*** Begin section ***

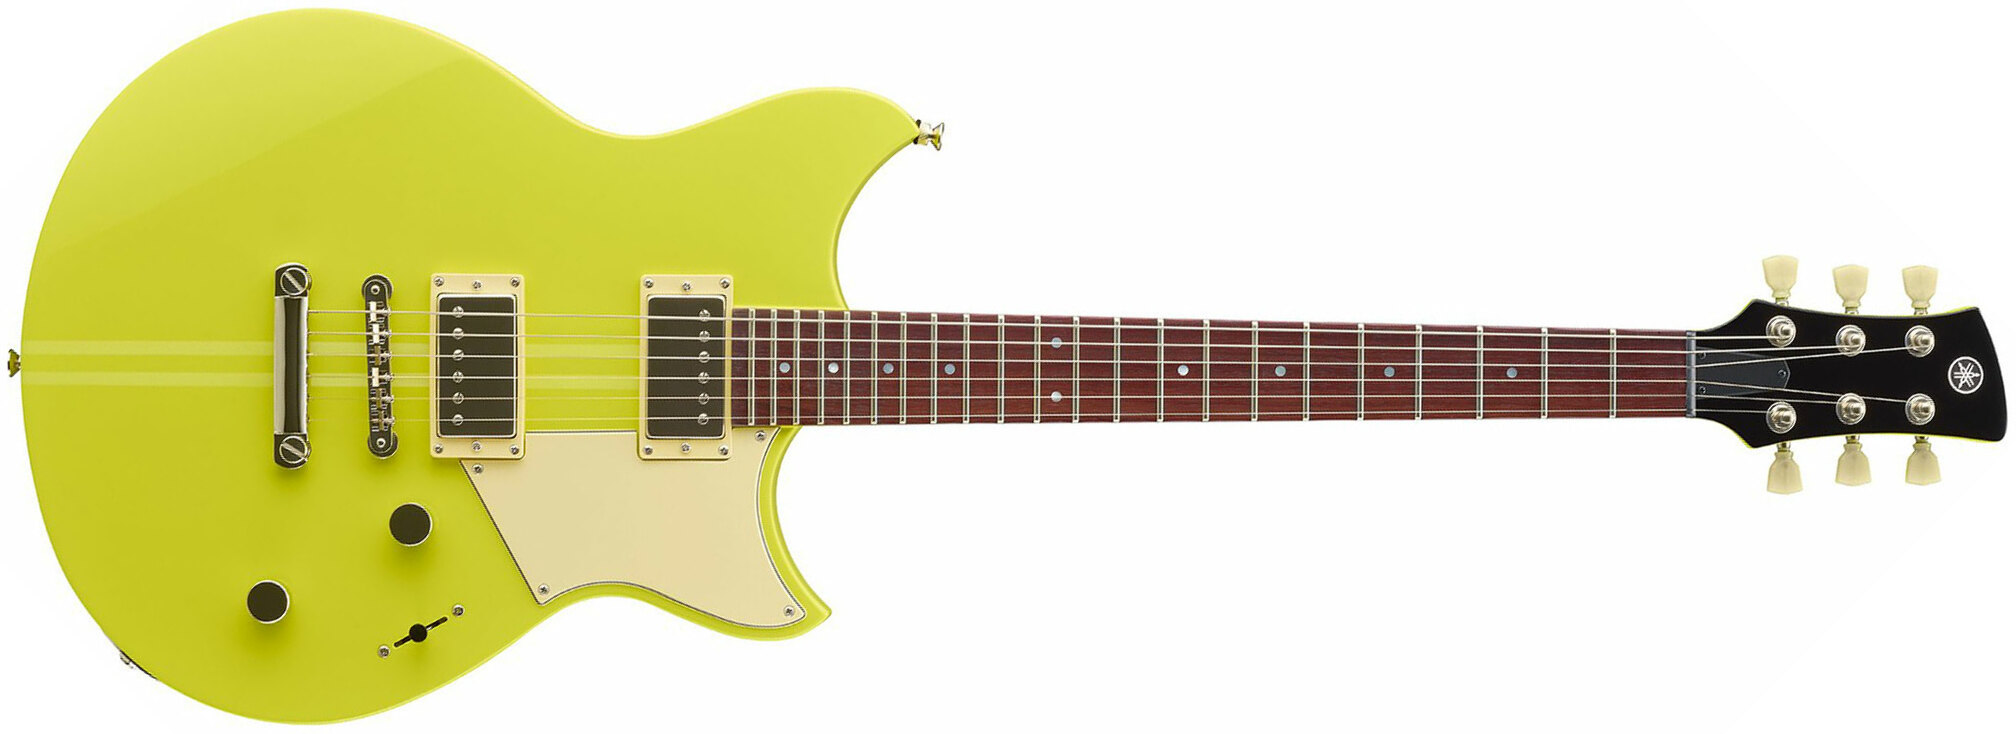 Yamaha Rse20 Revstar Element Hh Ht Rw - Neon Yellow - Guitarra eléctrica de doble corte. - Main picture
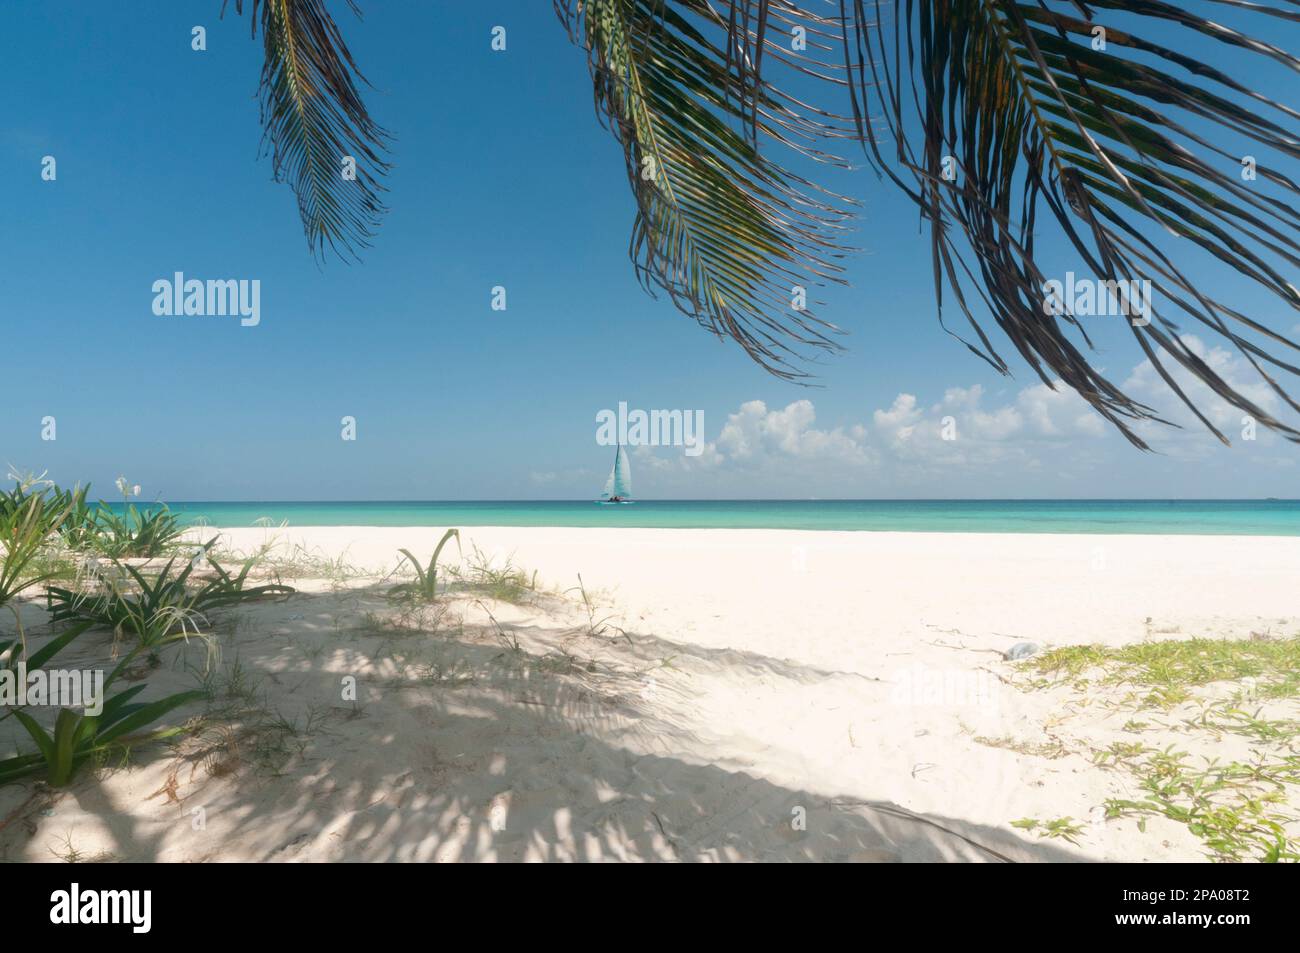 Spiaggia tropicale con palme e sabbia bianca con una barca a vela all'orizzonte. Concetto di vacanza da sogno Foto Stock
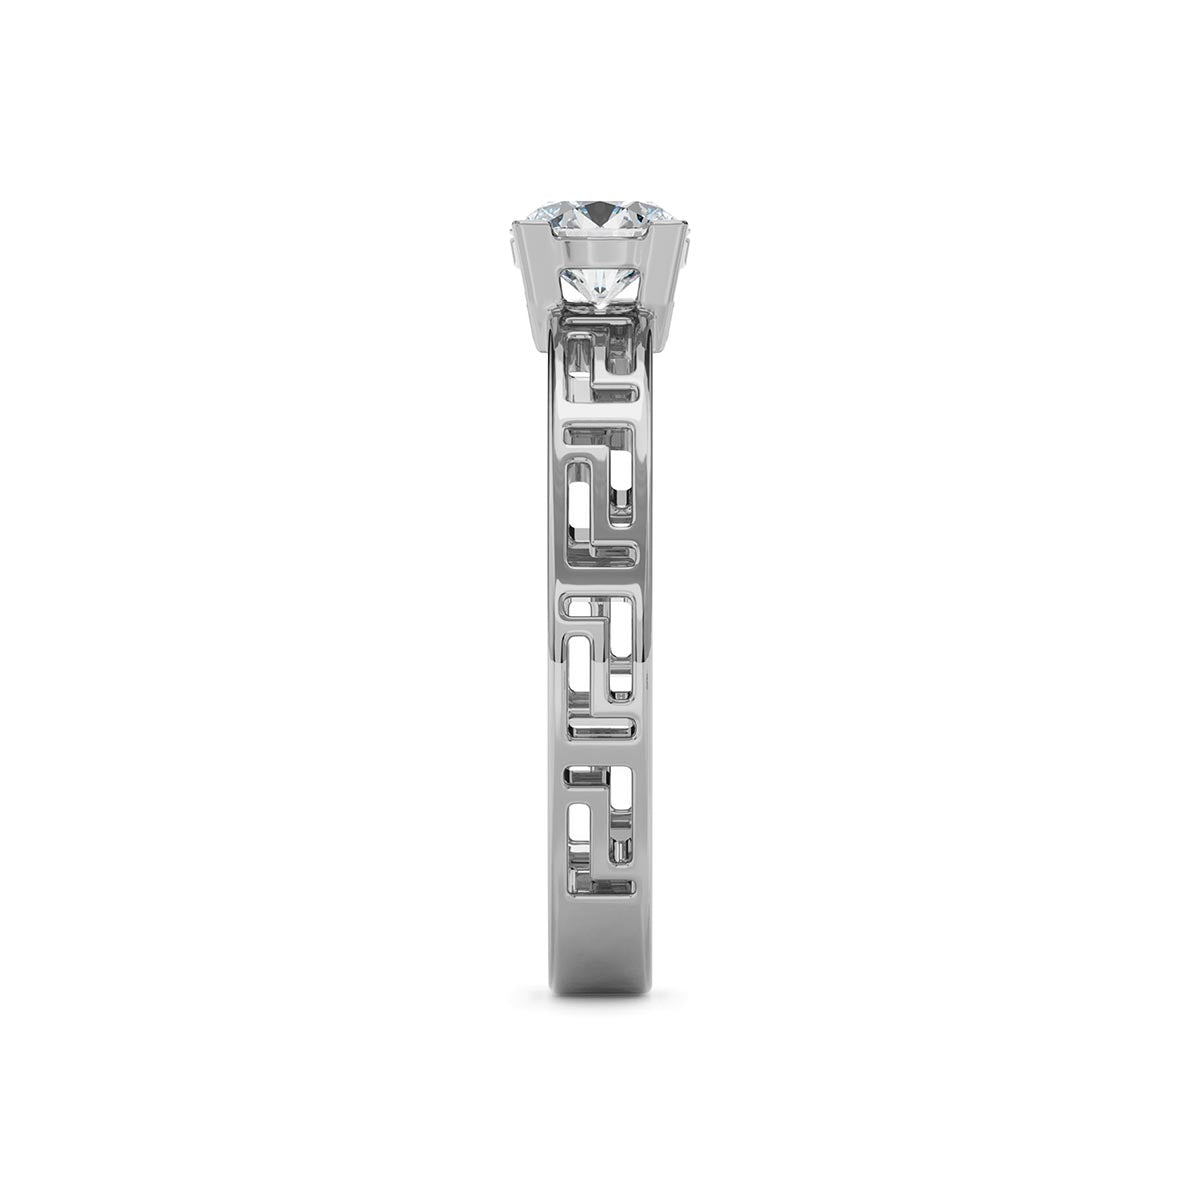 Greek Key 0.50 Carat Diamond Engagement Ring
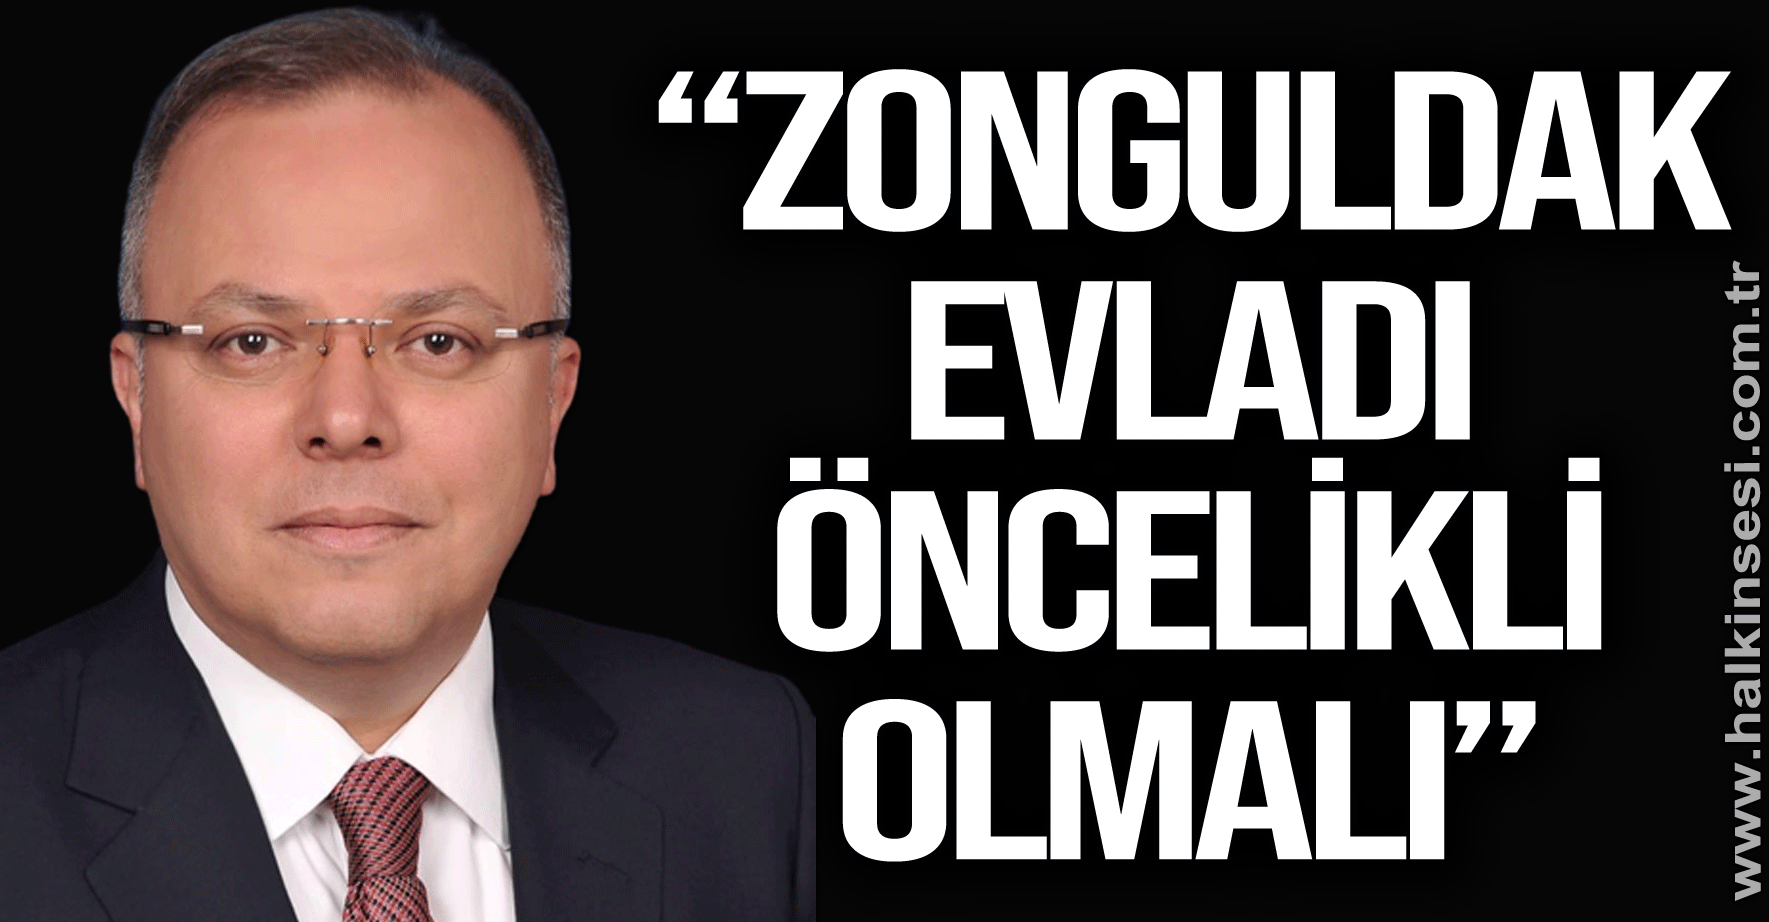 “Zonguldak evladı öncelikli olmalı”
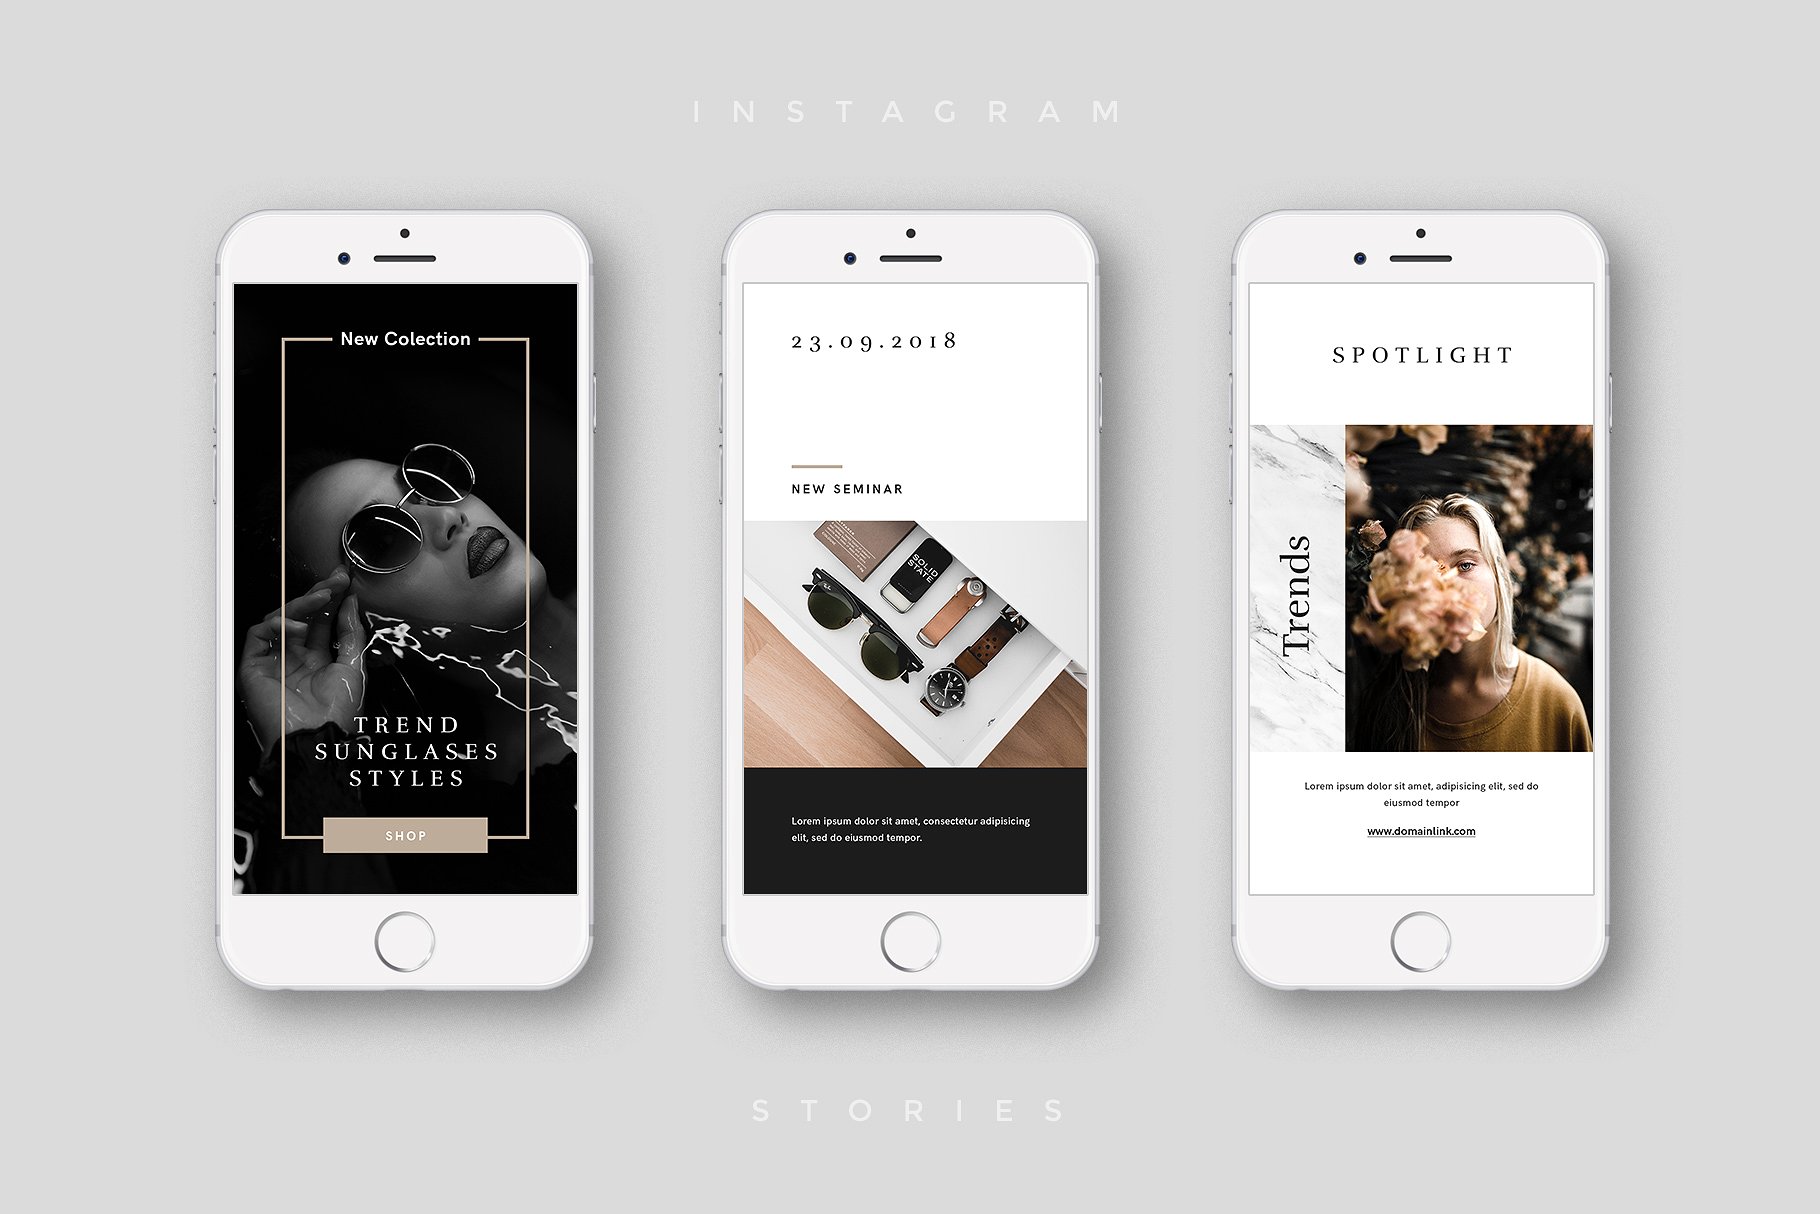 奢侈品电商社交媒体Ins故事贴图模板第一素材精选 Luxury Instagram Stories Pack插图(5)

*** End section ***

Problem statement >>
Transcribe exactly, and only, the lines from the one with "Greek Key 0.50 Carat Diamond Engagement Ring" through the final line of the data above. The pictures stay out.

Task answer >>
 Greek Key 0.50 Carat Diamond Engagement Ring
 “Zonguldak evladı öncelikli olmalı”
 奢侈品电商社交媒体Ins故事贴图模板第一素材精选 Luxury Instagram Stories Pack插图(5)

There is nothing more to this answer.